Sketching & Fusion 360: The journey begins

I have never in my life successfully used Fusion 360 before. Whenever I needed to build something with a laser cutter I'd open Illustrator. I knew how to use Illustrator for prototyping and was very against changing something that worked.

This week, however, I knew that I'd only have one shot to mill something on the CNC. My usual Illustrator hacks weren't going to cut it.

I convinced an industrial designer friend to sit with me and teach me Fusion. Together, we sketched out the dimensions for the swingset I wanted to make and put the pieces together in Fusion, primarily using dimensions and constraints to place the shapes.

For anyone opening Fusion for the first time, my biggest takeaway is that it doesn't work like other 3-D software (I've used Cinema 4D and Blender in the past). It worked much better for me when I sketched out all my dimensions beforehand with a measuring tape and piece of paper. Then I drew those shapes as sketches, selected the sides I wanted, press "D", then set the dimension constraint from my initial drawing.

The tool I used most often was the "Mirror" tool, where I could select a shape and mirror it across the center of its parent shape. This had the extra benefit of keeping these pieces mirrored around the center if I needed to change the size of the parent shape later.

Laser cutting

I laser cut a version of the swing for a sanity check. I didn't change the width of where the pieces click together, which led to a less-than-perfect assembly situation, but it still helped change the design and find a bug I had missed.

The first concern was the the "X" shape I had designed for extra support was a bit difficult to get assembled. I had created a model in Fusion to make sure my math was right, but it relied on cutting the wood at a certain angle afterwards (and that math I had previously done being perfect). I was concerned - if the "X" shape wasn't measured properly then the sides of the swingset couldn't move to account for them since they were a specific distance apart in the base. I made the decision to get rid of the "X" and instead rely on doubling up the wood only.

The other "bug" I found was that the triangles I had designed for extra structural support were too close to the edges. I had placed them a distance I had measured from the edge when I should have started measuring from the wall of the swingset.

CNC: The part where things go wrong because I didn't have all the information upfront...

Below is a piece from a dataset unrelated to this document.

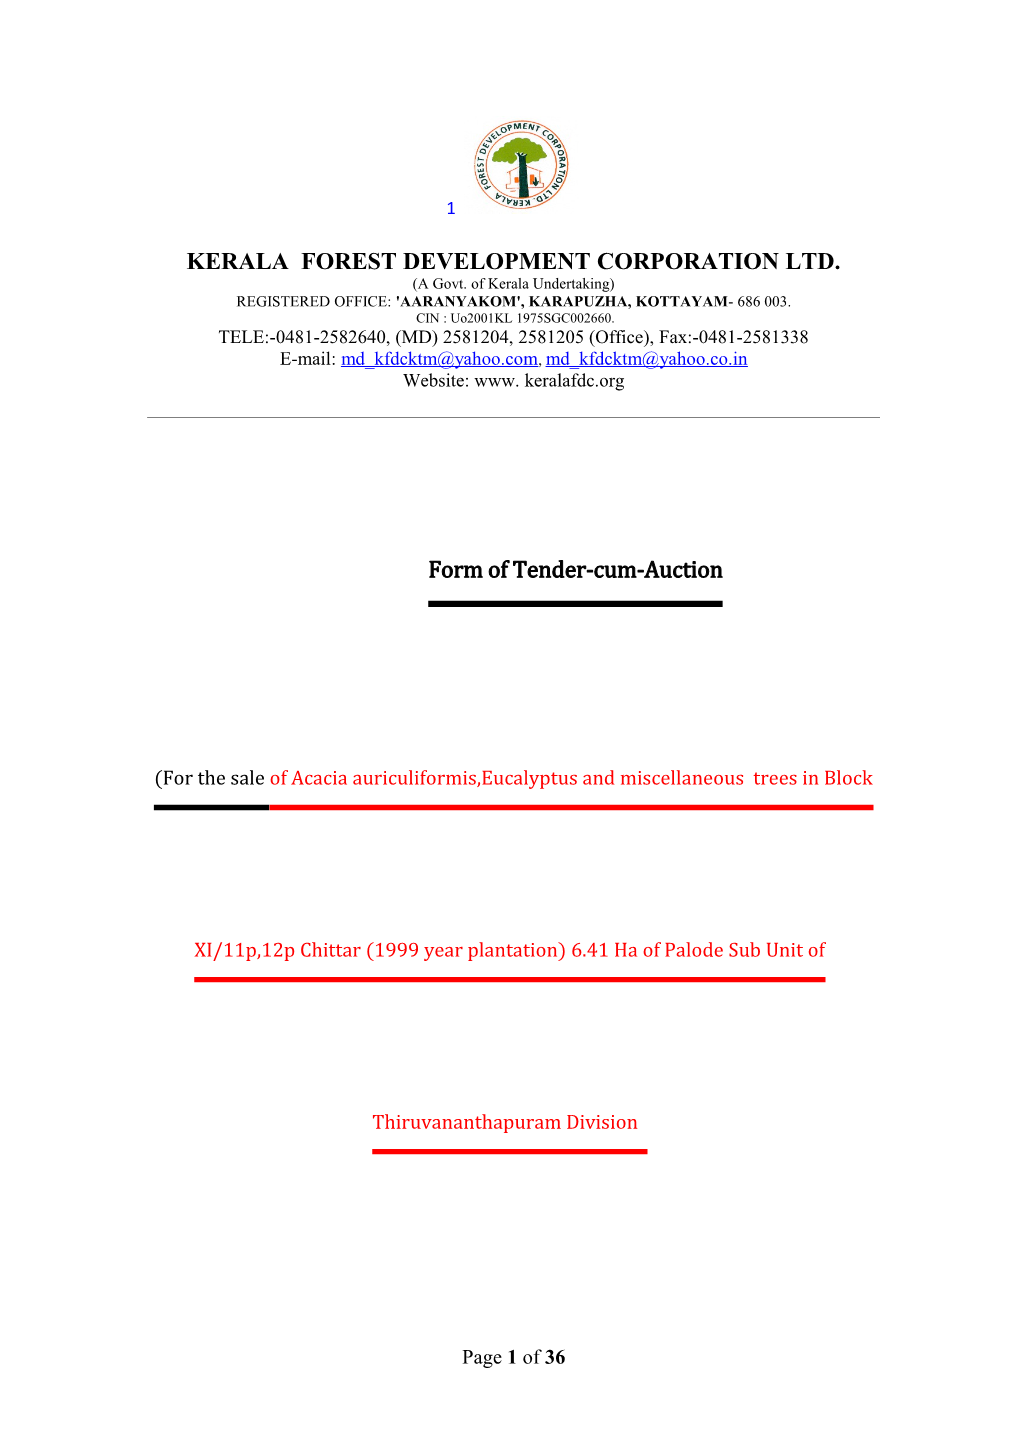 Kerala Forestdevelopment Corporation Ltd

With all that updated, I modified my design and saved it as a .DXF file to turn into a toolpath for the CNC. However, when I went to go cut it, I was informed that I had more pieces than I had wood I was allotted. I scaled down my design, which was painful.

In my limited time to get my new design ready, I did forget one thing. Originally, I was going to have two triangles on each side of the swingset for extra support. I scaled that down to one on each side. That meant the slot for them should be 12mm instead of 24mm, based on the width of the wood. I updated the walls, but forgot to update the slots in the base. I used scrap wood to fill in the difference.

THEN, I went back the morning before class, and was able to get one more sheet of unused wood.